1. 43
  1. 2

    At first glance, I was ready to completely dismiss the article because it uses the example of syntax errors not being caught before running or compiling the code. There are automatic linters that can detect this and there are plugins for various editors to use these linters to display errors inline with the code. I haven’t had a single syntax error in my code since configuring these.
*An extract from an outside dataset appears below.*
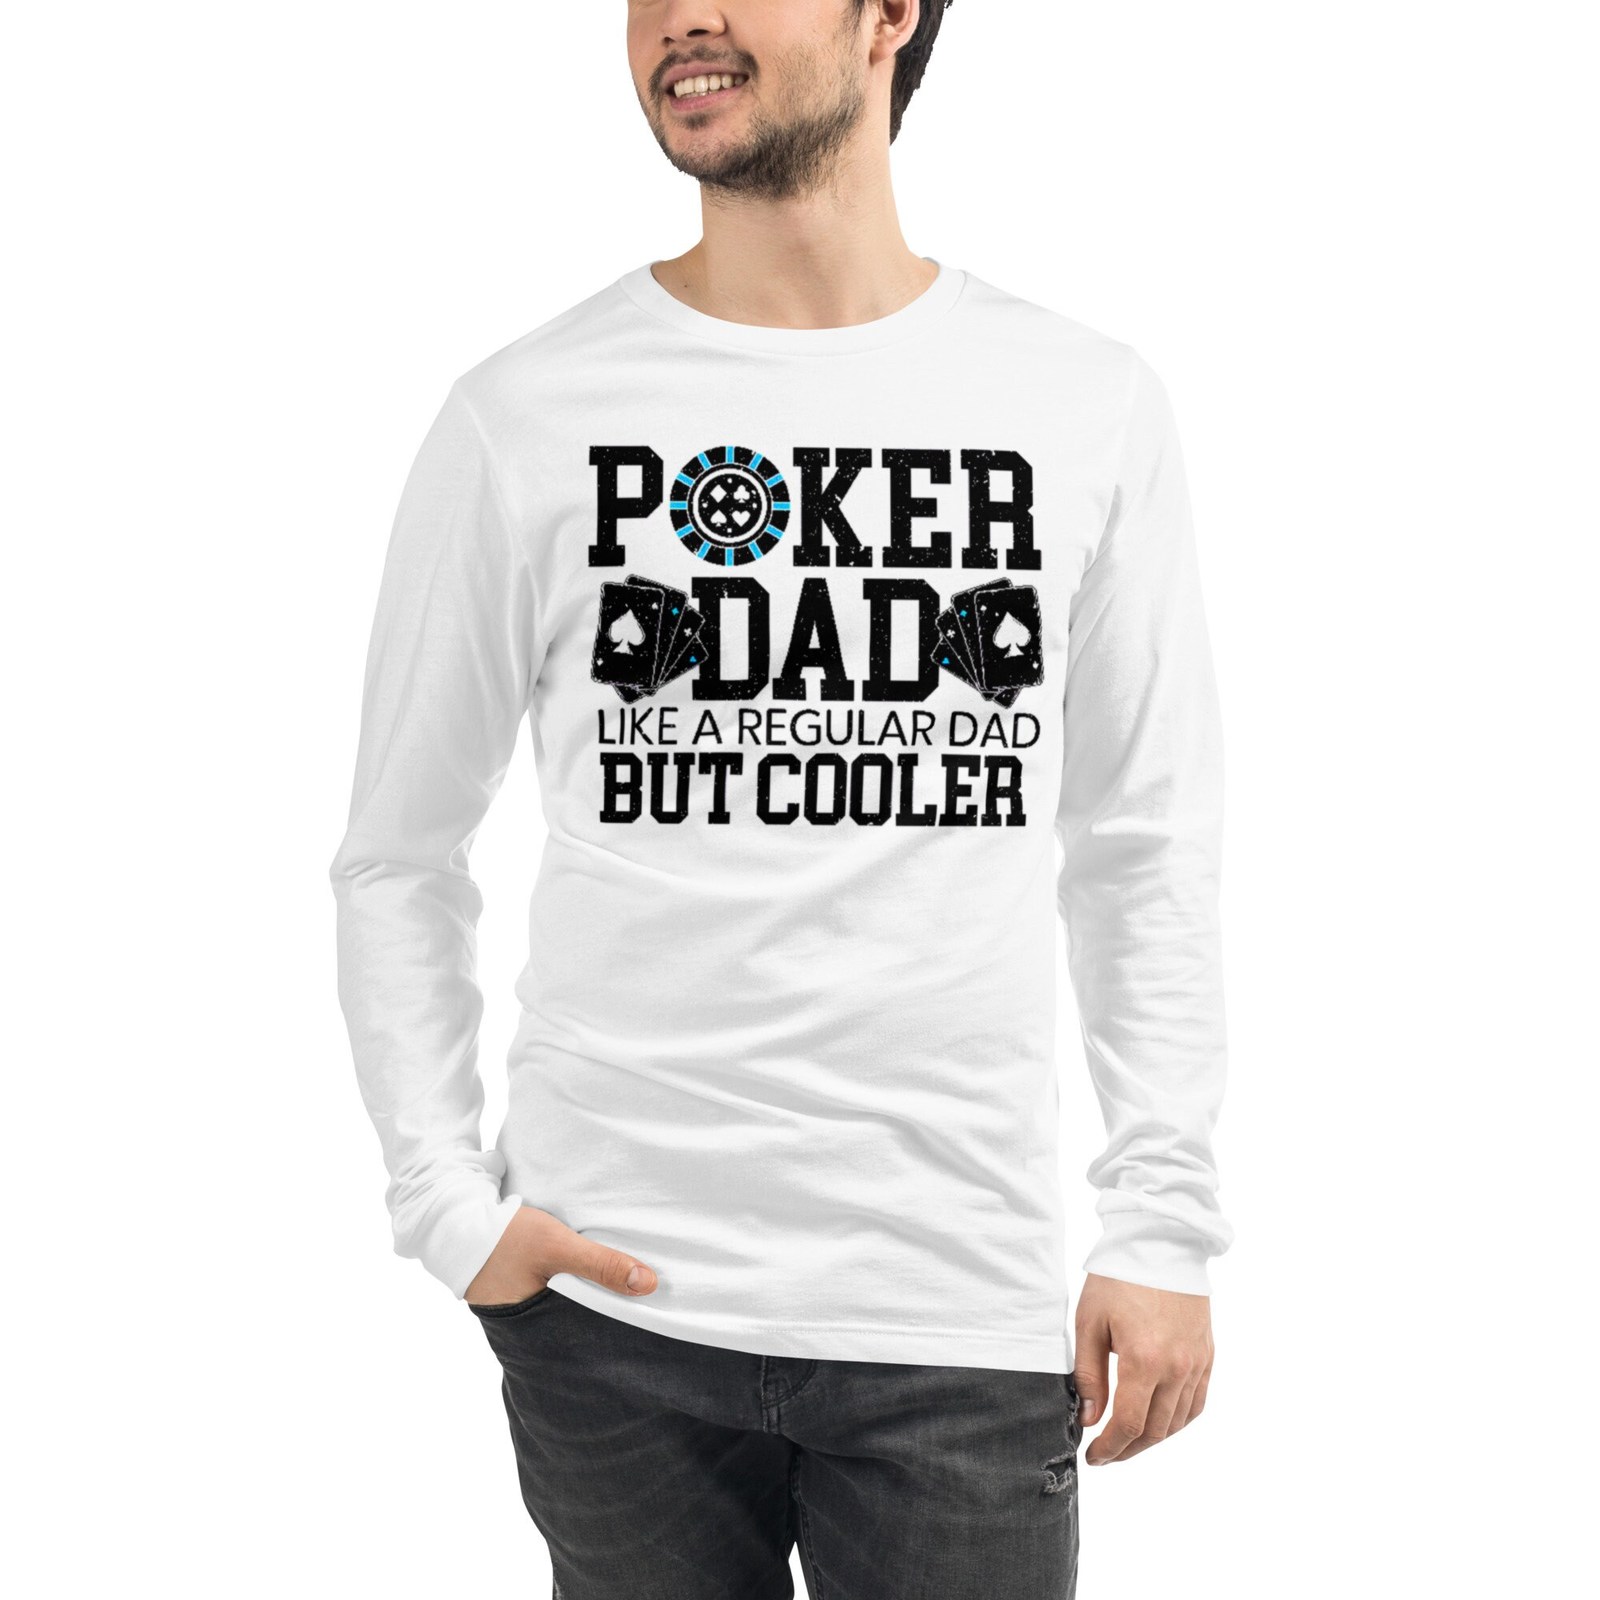 Primary image for POKER DAD Sweatshirt | Funny Meme Father's Day Poker Gift Shirt

    But keep reading, there’s far more interesting stuff after that. :)

    1. 2

      syntax errors not being caught before running or compiling the code. There are automatic linters that can detect this

      I’m not sure what you mean. Syntax is checked during parsing, and a linter would still need a parser to detect syntax (and other kinds of) errors.

      1. 1

        I mean, you shouldn’t need to explicitly compile or run your code for your editor to warn you there is a syntax error. The parser doing that check shouldn’t try to recover from an error is counterproductive; it’s supposed to fail.

        1. 3

          You’re right that you shouldn’t need to manually invoke the compiler or VM in order to see syntax errors, but if your IDE is annotating syntax errors then it too is using a parser to find them. And if you want the IDE to be able to report more than one error at a time, then that parser will need some kind of error recovery mechanism.

          1. 1

            To share my anecdotal experience (I make IDEs, but it’s still anecdotal): it seems that for parser errors specifically, immediacy (red wavy underline appearing just after typing) is relatively more important than the quality of the error message.

            Error resilience is indeed crucial, but it is not equivalent to error recovery.

    2. 2

      TL;DR - When it hits a syntax error, it uses a pathfinding search to try every possible path forward, stopping at either EOF or three consecutively accepted tokens from the lexer.

      Overall it makes a lot of sense, to the point of being a bit obvious. The real question is, do programmers like the result? The article can’t answer that, and neither can I. But, my guess is that it can compete with many modern tools.

      1. 1

        It would be super exciting if this approach could give generated LR parsers better error message UX than many modest effort hand written parsers. I think those repair suggestions would be good error messages just by having the result of the repair shown in the output? Would save the user the effort of interpreting the “shift” nodes. Colour could help: put the deletion in red and the insertion in green, mimicking a diff?

        Another thing that I’ve wondered about as a heuristic before is: when I introduce an error in the middle of a moderate sized already existing file, the syntax highlighting often changes violently and suddenly. Maybe an IDE could pick a repair that returns the largest possible number of nodes to the state they were in for the last few minutes?

        1. 1

          I got this kind of a parsing interface: state → symbol → ('step state + 'error (list (symbol * state)) + 'accept cst), likewise you can get the state → list (symbol * state). (maybe actual impl is some variation that turns out to be simpler, but you get the idea)

          I guess the CPCT+ is easy to implement in this setting? You get an error, roll an input window of 250 tokens and then calculate language edit distance 3 tokens ahead, until you got few candinates and then get the best one that rolls through to the end of the token window.